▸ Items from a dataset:
----

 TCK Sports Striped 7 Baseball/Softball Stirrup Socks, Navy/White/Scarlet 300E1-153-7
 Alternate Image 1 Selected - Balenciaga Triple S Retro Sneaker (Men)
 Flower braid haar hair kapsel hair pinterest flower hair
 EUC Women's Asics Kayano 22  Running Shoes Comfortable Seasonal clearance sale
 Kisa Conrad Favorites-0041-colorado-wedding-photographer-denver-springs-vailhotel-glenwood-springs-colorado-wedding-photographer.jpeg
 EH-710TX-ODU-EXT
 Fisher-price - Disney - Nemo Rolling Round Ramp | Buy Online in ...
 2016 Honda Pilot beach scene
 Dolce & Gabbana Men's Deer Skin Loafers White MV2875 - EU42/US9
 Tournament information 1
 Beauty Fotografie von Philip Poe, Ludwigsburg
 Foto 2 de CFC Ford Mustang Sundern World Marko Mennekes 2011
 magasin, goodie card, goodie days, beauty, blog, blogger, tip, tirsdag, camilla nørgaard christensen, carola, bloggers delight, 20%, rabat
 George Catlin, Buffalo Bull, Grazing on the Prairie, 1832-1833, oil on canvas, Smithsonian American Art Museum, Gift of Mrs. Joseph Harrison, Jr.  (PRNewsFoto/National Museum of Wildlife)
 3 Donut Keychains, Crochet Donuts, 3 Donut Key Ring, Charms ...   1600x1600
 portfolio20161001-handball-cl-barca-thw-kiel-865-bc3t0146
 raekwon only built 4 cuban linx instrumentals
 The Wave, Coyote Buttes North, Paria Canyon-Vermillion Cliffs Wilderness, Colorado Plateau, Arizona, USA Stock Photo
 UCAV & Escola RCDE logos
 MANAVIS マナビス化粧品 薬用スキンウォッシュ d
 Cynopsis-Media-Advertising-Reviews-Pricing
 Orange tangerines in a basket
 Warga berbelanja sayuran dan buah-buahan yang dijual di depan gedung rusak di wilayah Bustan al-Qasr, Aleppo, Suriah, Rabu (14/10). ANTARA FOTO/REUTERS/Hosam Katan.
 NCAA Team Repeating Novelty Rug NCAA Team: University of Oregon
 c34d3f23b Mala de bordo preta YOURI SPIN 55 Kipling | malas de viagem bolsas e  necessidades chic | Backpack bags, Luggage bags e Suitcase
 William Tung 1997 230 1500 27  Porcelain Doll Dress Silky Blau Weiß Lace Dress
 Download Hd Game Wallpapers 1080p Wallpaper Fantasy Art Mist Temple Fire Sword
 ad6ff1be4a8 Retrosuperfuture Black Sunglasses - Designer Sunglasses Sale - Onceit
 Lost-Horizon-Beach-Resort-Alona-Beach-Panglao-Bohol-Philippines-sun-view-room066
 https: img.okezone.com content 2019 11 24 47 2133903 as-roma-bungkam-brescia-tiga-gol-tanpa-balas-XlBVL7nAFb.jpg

----

▸ Instructions to follow: Reproduce, with no other lines, the one containing "magasin, goodie card, goodie" and all lines after it through the end of the data above.

▸ Expected output:
 magasin, goodie card, goodie days, beauty, blog, blogger, tip, tirsdag, camilla nørgaard christensen, carola, bloggers delight, 20%, rabat
 George Catlin, Buffalo Bull, Grazing on the Prairie, 1832-1833, oil on canvas, Smithsonian American Art Museum, Gift of Mrs. Joseph Harrison, Jr.  (PRNewsFoto/National Museum of Wildlife)
 3 Donut Keychains, Crochet Donuts, 3 Donut Key Ring, Charms ...   1600x1600
 portfolio20161001-handball-cl-barca-thw-kiel-865-bc3t0146
 raekwon only built 4 cuban linx instrumentals
 The Wave, Coyote Buttes North, Paria Canyon-Vermillion Cliffs Wilderness, Colorado Plateau, Arizona, USA Stock Photo
 UCAV & Escola RCDE logos
 MANAVIS マナビス化粧品 薬用スキンウォッシュ d
 Cynopsis-Media-Advertising-Reviews-Pricing
 Orange tangerines in a basket
 Warga berbelanja sayuran dan buah-buahan yang dijual di depan gedung rusak di wilayah Bustan al-Qasr, Aleppo, Suriah, Rabu (14/10). ANTARA FOTO/REUTERS/Hosam Katan.
 NCAA Team Repeating Novelty Rug NCAA Team: University of Oregon
 c34d3f23b Mala de bordo preta YOURI SPIN 55 Kipling | malas de viagem bolsas e  necessidades chic | Backpack bags, Luggage bags e Suitcase
 William Tung 1997 230 1500 27  Porcelain Doll Dress Silky Blau Weiß Lace Dress
 Download Hd Game Wallpapers 1080p Wallpaper Fantasy Art Mist Temple Fire Sword
 ad6ff1be4a8 Retrosuperfuture Black Sunglasses - Designer Sunglasses Sale - Onceit
 Lost-Horizon-Beach-Resort-Alona-Beach-Panglao-Bohol-Philippines-sun-view-room066
 https: img.okezone.com content 2019 11 24 47 2133903 as-roma-bungkam-brescia-tiga-gol-tanpa-balas-XlBVL7nAFb.jpg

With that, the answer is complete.